The remark by Metin Külünk, AK Party's deputy for Istanbul, came after a program on ZDF claimed the politician had provided money to a boxing gang in Germany to go after critics of President Recep Tayyip Erdoğan.

The Osmanen Germania gang was also allegedly instructed to organize protests against last year's so-called Armenian genocide resolution passed by the German parliament, according to the report broadcast on the channel.

Külünk said in a meeting: "None of the activities or visits I made in my personal capacity or on behalf of the AK Party are illegal. On the contrary transparency has always been a priority."

He said the accusations to defame Erdoğan are typical to FETÖ.

"On one hand the German authorities allow the bloody PKK terror group and its supporters the freedom to blackmail, kidnap, organize protests and harass the Turkish society [in Germany], and on the other it defames Turkey through fictional accusations," he said.

He called the accusations an aim to subject Turks in Europe "to a cultural genocide".

'Germany should use common sense'

He asked the German authorities to exercise "common sense" so that its judiciary and media does not become "a toy in the hands of PKK and FETÖ".

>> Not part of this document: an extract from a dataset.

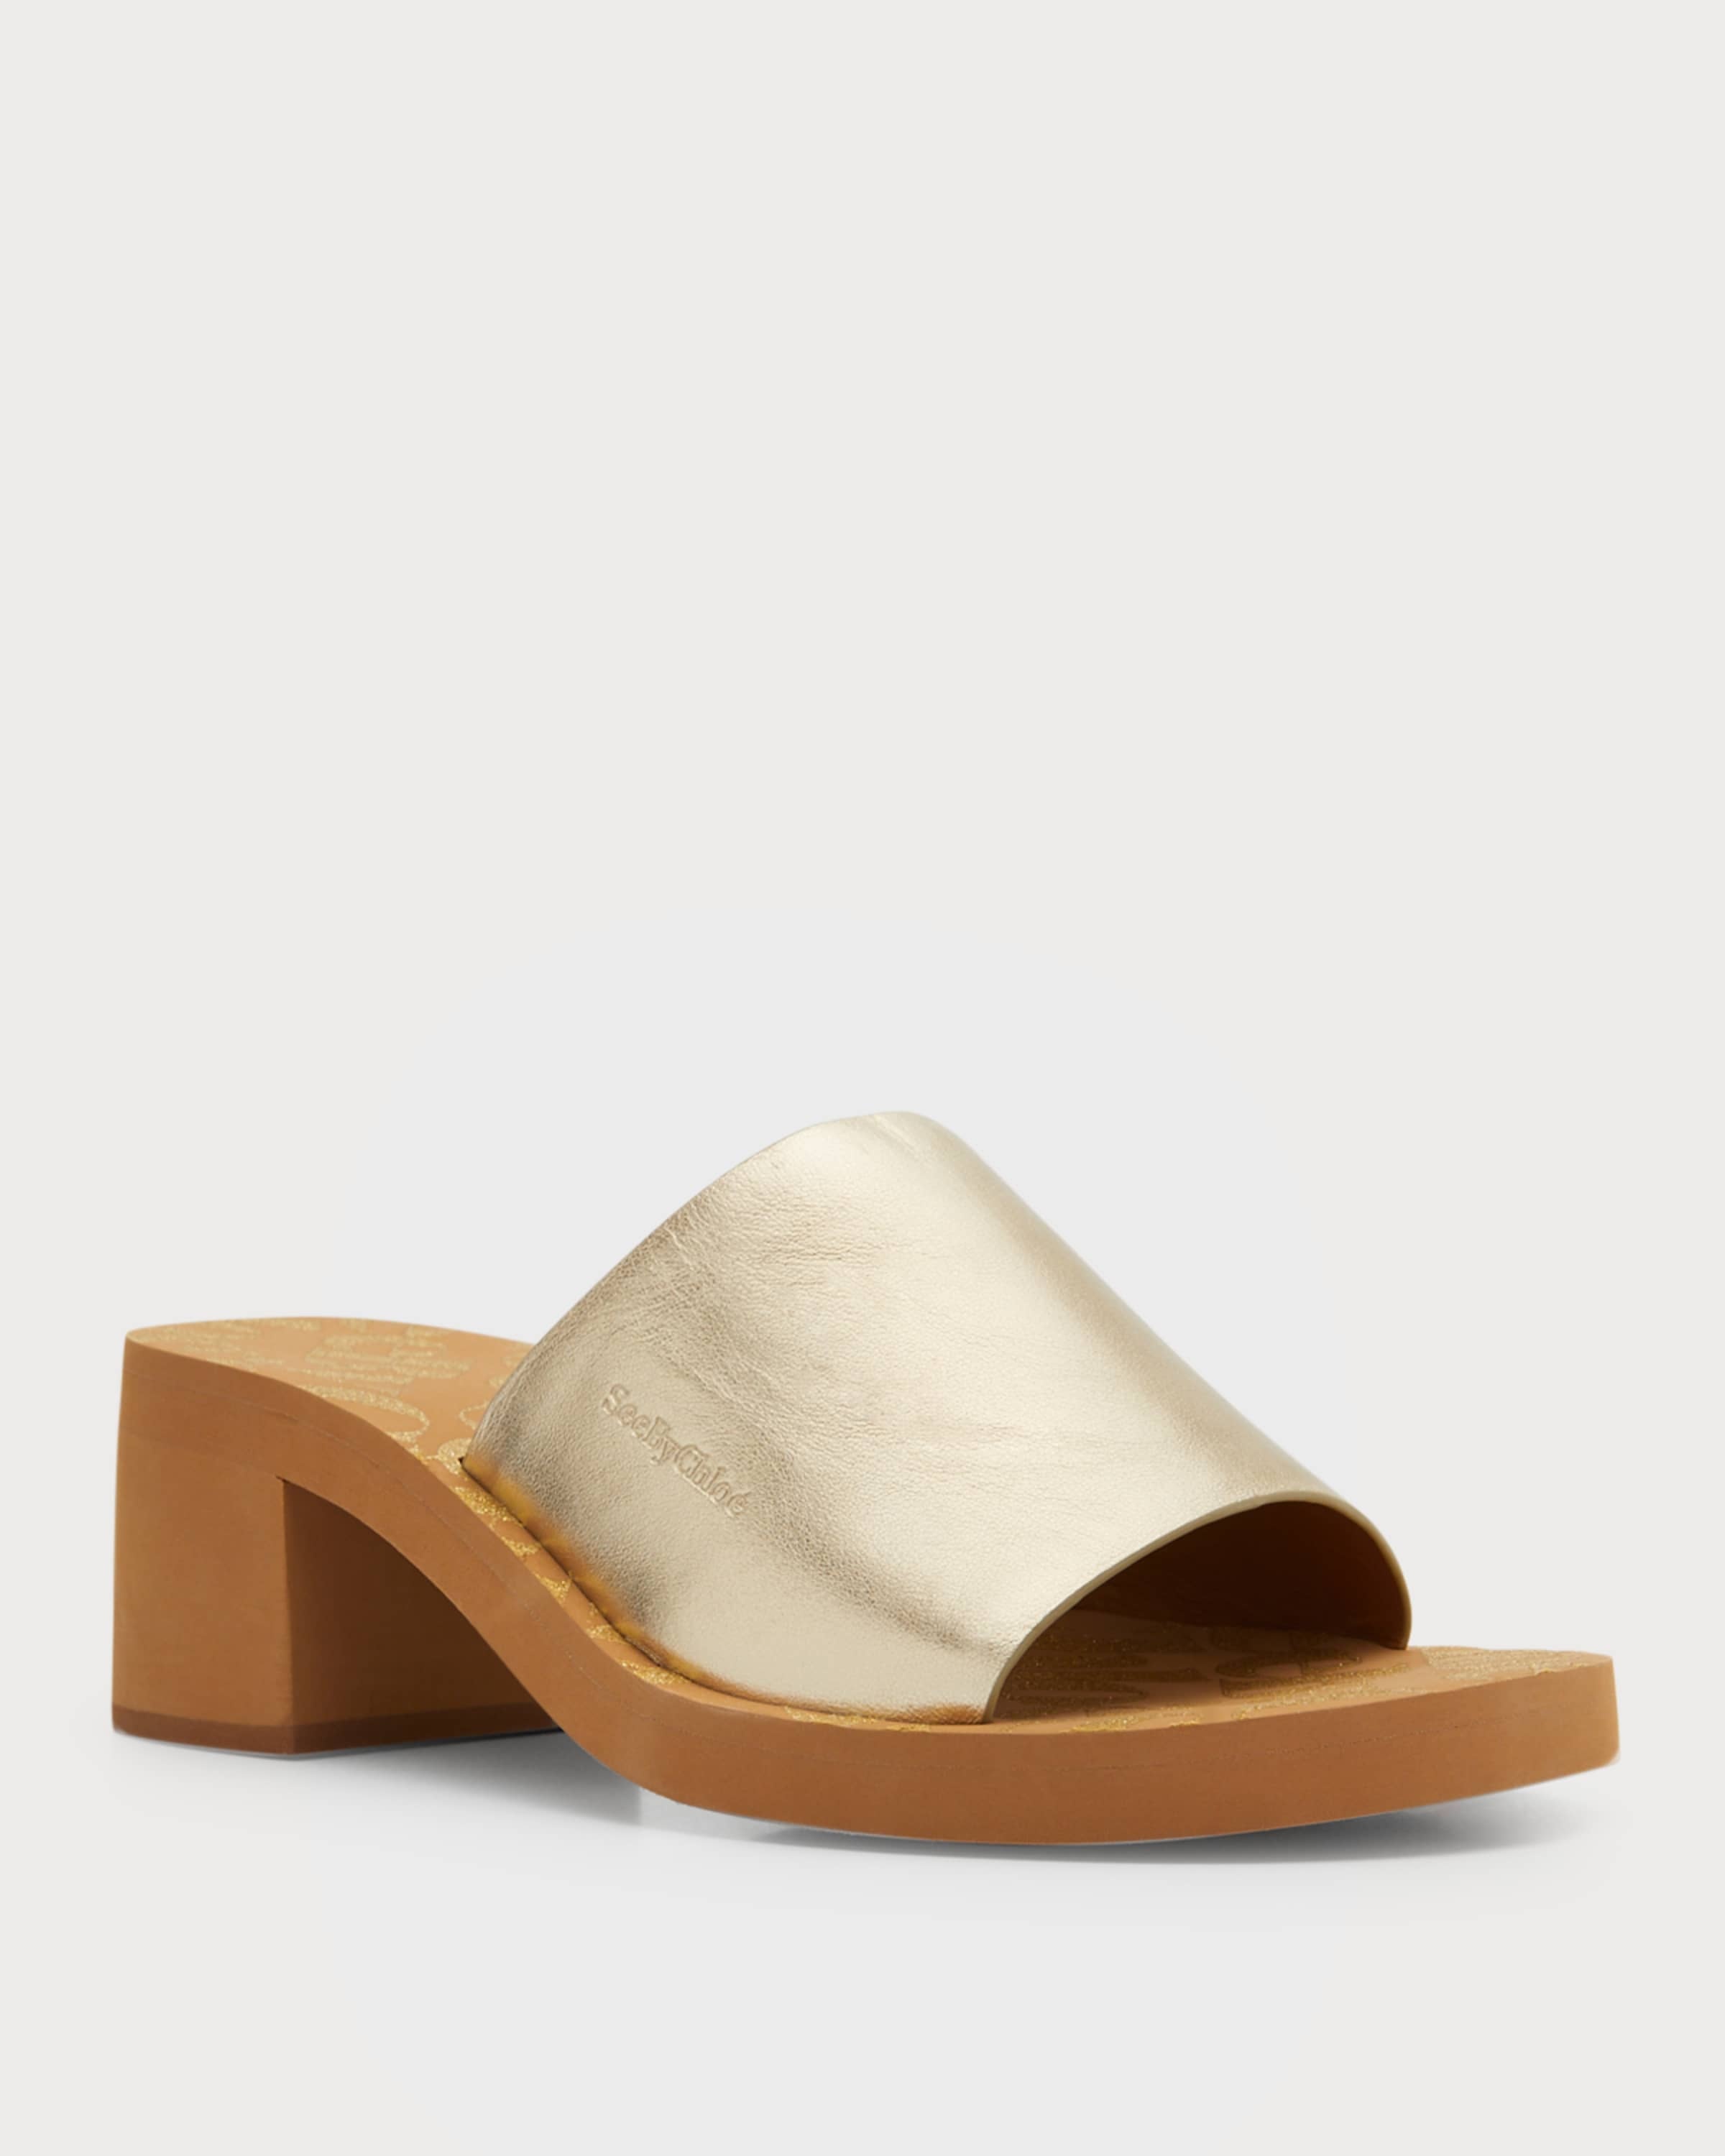 Essie Metallic Slide Sandals - 2

Separately, in an interview with Anadolu Agency, Külünk called on Germany to maintain positive relations with Turkey and end its cooperation with terror groups.

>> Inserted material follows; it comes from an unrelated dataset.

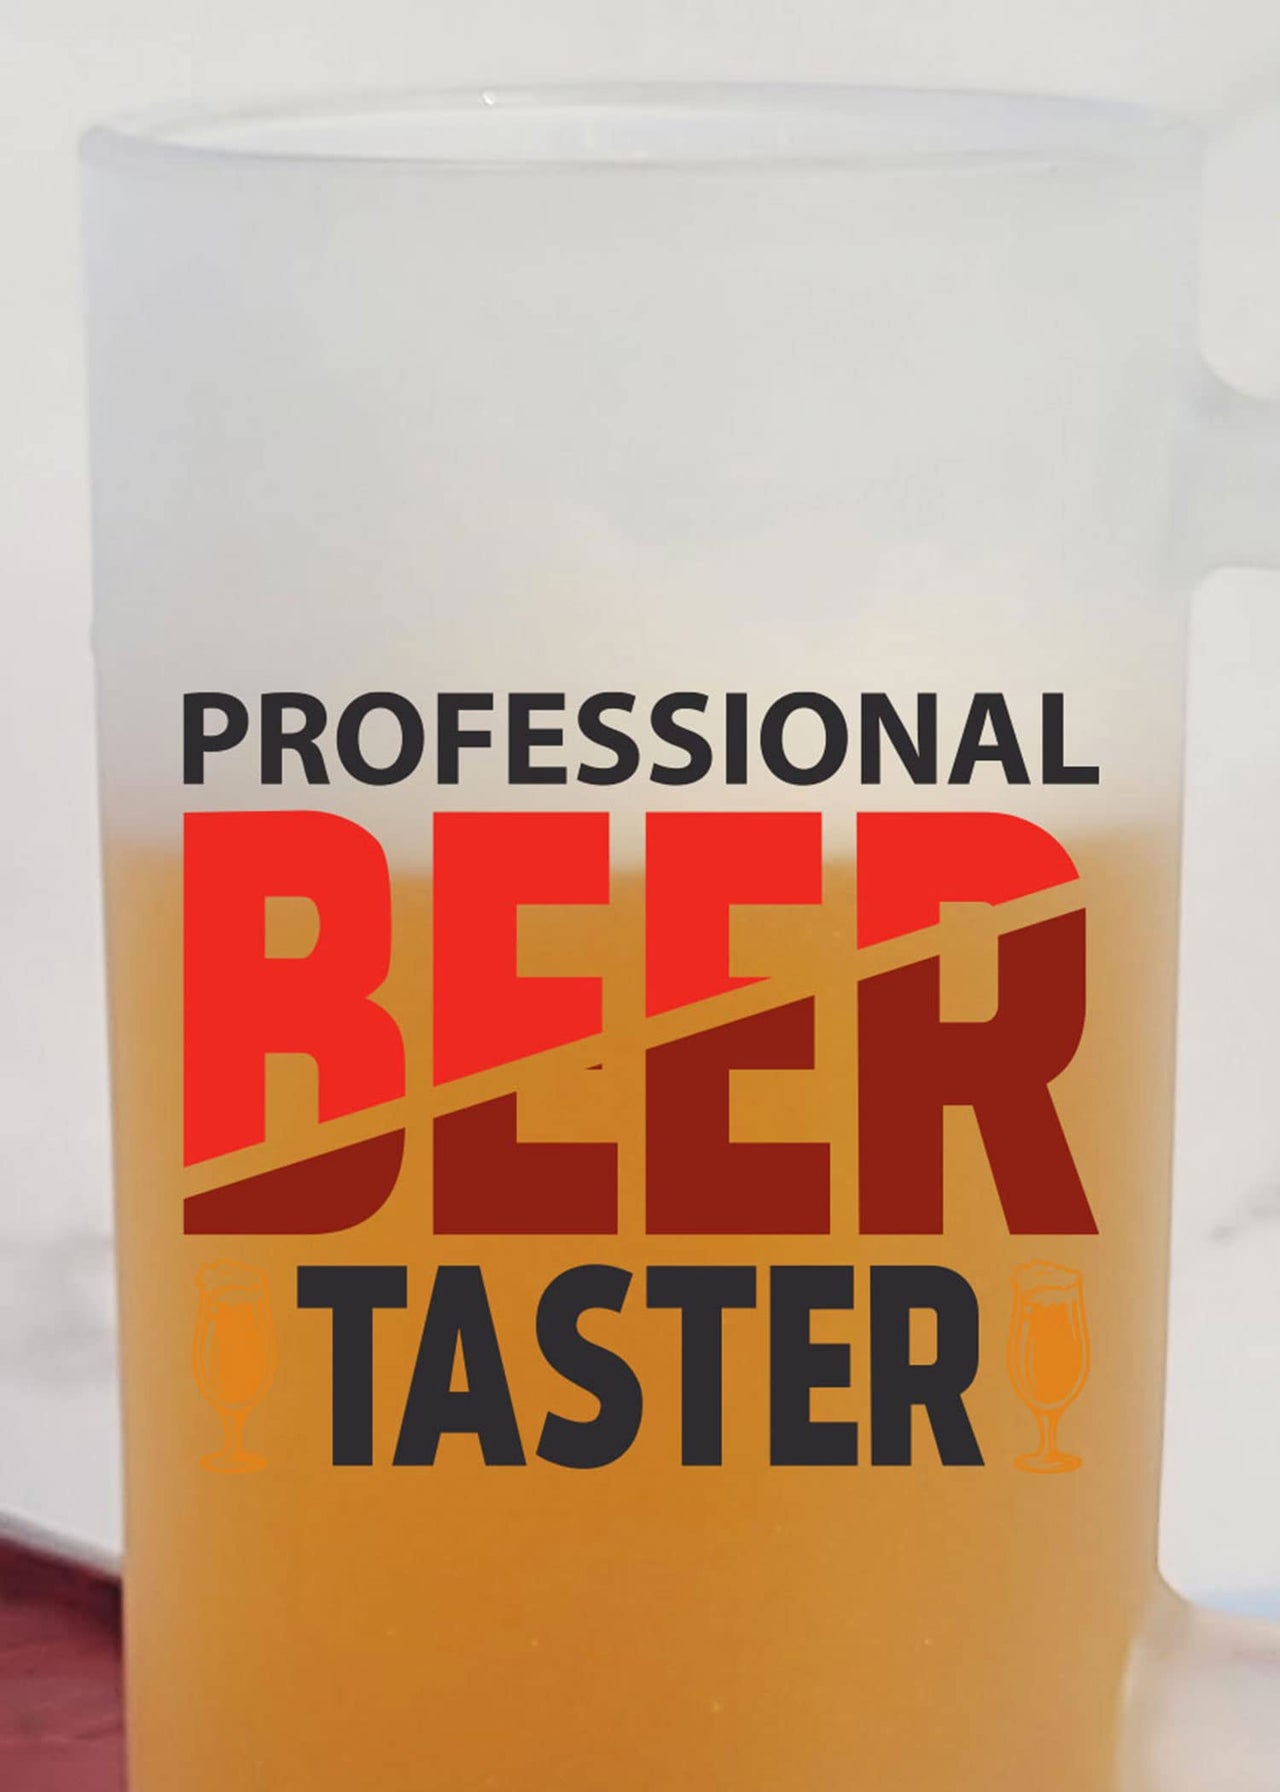 Professional Beer Taster - Frosted Beer Mug

“Germany cannot establish strong connections with Turkey by embracing terrorist organizations like PKK, FETÖ, DHKP-C. They will strengthen by respecting the independence of the Republic of Turkey and acting upon the 250-years of friendly history,” he added.

More than 1,200 people, including security force personnel and civilians, have lost their lives since the PKK -- listed as a terrorist organization by Turkey, the U.S., and EU -- resumed its decades-old armed campaign in July 2015.

FETÖ and its U.S.-based leader Fetullah Gulen orchestrated the July 15, 2016 coup attempt which left 250 people martyred and nearly 2,200 injured.

Regarding the evidences obtained by the German media, Külünk said Turkish Foreign Minister Mevlut Çavuşoğlu was illegally wiretapped by Germany.

He also said the allegations are “directly targeting Turkey like in the [Rıza] Sarraf case” and affirmed they will seek their legal rights in Germany.

Sarraf last month accepted all the U.S. charges against him and agreed to cooperate as a witness against Mehmet Hakan Atilla, the former deputy CEO of Turkey’s state-run lender Halkbank.

Sarraf was detained last year in New York on charges of violating U.S. sanctions against Iran, while Atilla was arrested in the U.S. earlier this year on similar charges.